Capital Fluminense

Caso Evaldo: Militares do Exército acusados de matar músico e catador serão julgados

Laudo mostra que foram disparados 257 tiros na ação; 80 atingiram o carro do artista

Por Tatiana Campbell

Evaldo Rosa morreu ao ter o carro alvejado por 80 tiros em abril de 2019
Evaldo Rosa morreu ao ter o carro alvejado por 80 tiros em abril de 2019 – Foto: Reprodução/Facebook

A Justiça Militar irá ouvir nesta quarta (13) e quinta-feira (14) as testemunhas de defesa dos 12 militares do Exército acusados pelas mortes do músico Evaldo Rosa e do catador Luciano Macedo. O caso aconteceu em abril de 2019, em Guadalupe, na Zona Oeste do Rio. A audiência já foi reagendada três vezes pela Justiça Militar. Laudo mostra que foram disparados 257 tiros na ação que terminou com a morte das vítimas.

O músico, de 51 anos, estava a caminho de um chá de bebê com a família quando teve o carro atingido por mais de 80 tiros na Estrada do Camboatá. Os militares do Exército teriam, de acordo com a defesa, confundido o carro do artista com o de criminosos. Evaldo Rosa morreu na hora, os parentes conseguiram escapar ilesos. Já Luciano Macedo, que estava nas proximidades e tentou ajudar a família, acabou sendo baleado e morreu dias depois.
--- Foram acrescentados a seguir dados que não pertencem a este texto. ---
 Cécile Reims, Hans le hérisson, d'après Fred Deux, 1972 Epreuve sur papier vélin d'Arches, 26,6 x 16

“Por ter sido marcado novamente eu me sinto aliviada, porque ficava angustiada sempre que desmarcavam. Estamos otimistas e acreditando que haverá justiça e que meu esposo não será só mais uma estatística. Será muito difícil estar frente a frente novamente com aqueles que acabaram com a minha família”, disse Luciana Nogueira, viúva de Evaldo Rosa.
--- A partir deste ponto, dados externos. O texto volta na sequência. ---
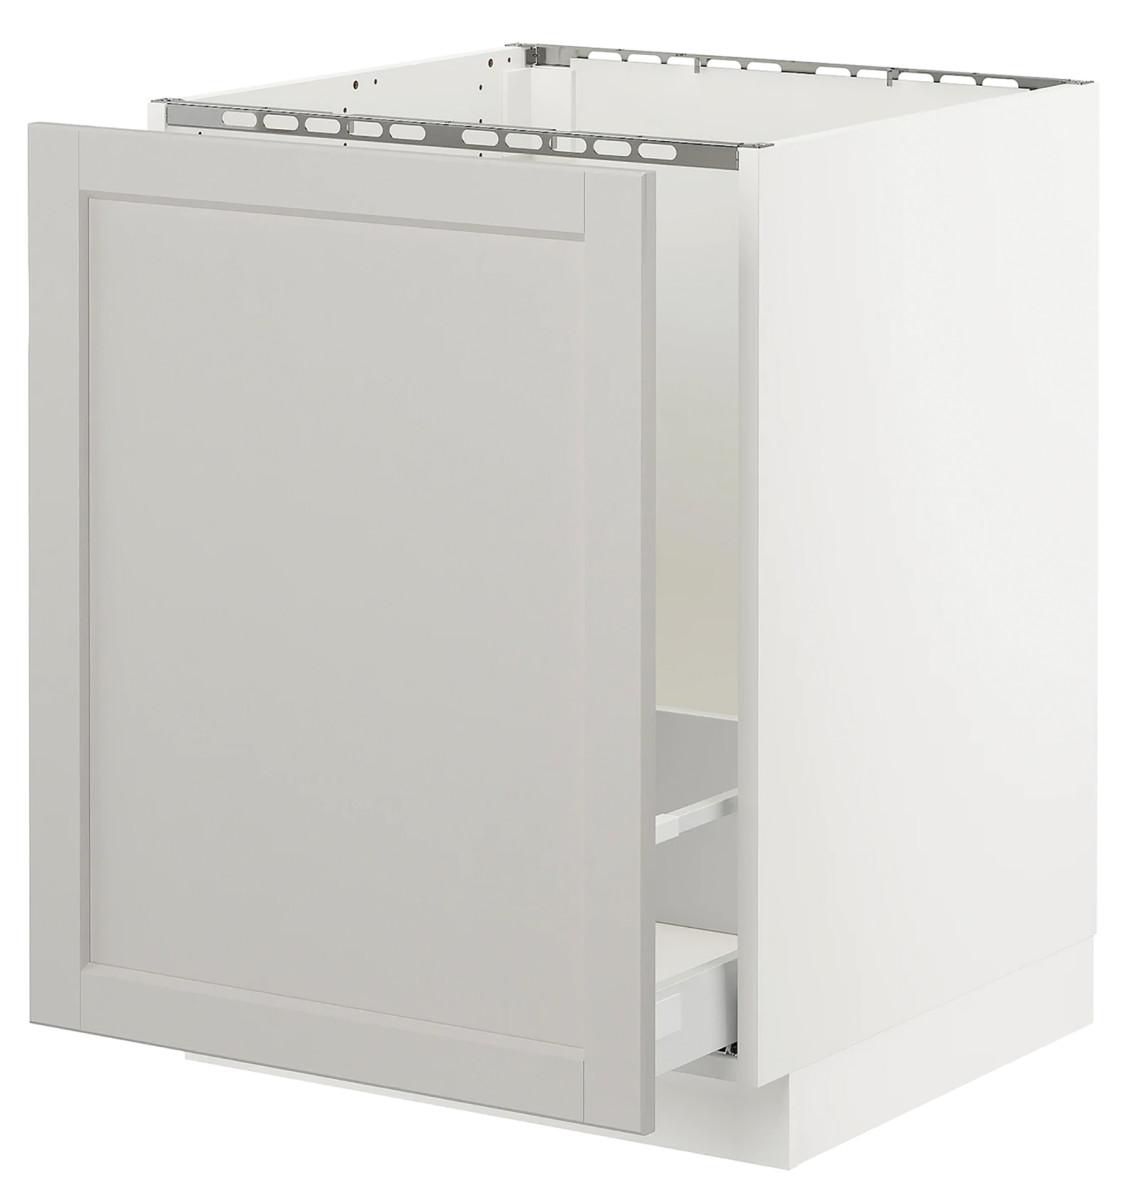 Ikea's new Sektion base cabinet.

Os militares respondem por homicídio qualificado, tentativa de homicídio qualificado e omissão de socorro. Na quinta, pela primeira vez neste processo criminal, cada militar será interrogado.

“Estou tentando recomeçar novamente, mas é uma saudade muito grande, ele foi minha história, nos conhecemos na adolescência. Meu filho sente muito, diz que não terá a oportunidade de ter um pai velhinho, isso me dói muito. Estão sendo dois anos de muita dificuldade, de muita tristeza. Eu tinha uma paz, uma família. Perder alguém assim, tiraram ele de mim, é desesperador.”, finalizou Luciana.

A audiência havia sido marcada para 7 de abril, mas a defesa dos réus argumentou sobre o agravamento da pandemia e conseguiu o adiamento para 7 de julho. Em junho, o advogado dos militares relatou não estar plenamente imunizado contra a covid-19 e conseguiu a segunda remarcação para 15 de setembro. Depois, o mesmo profissional, alegou complicações nas cordas vocais e conseguiu um novo adiamento. Após três adiamentos, o julgamento irá acontecer a partir desta quarta.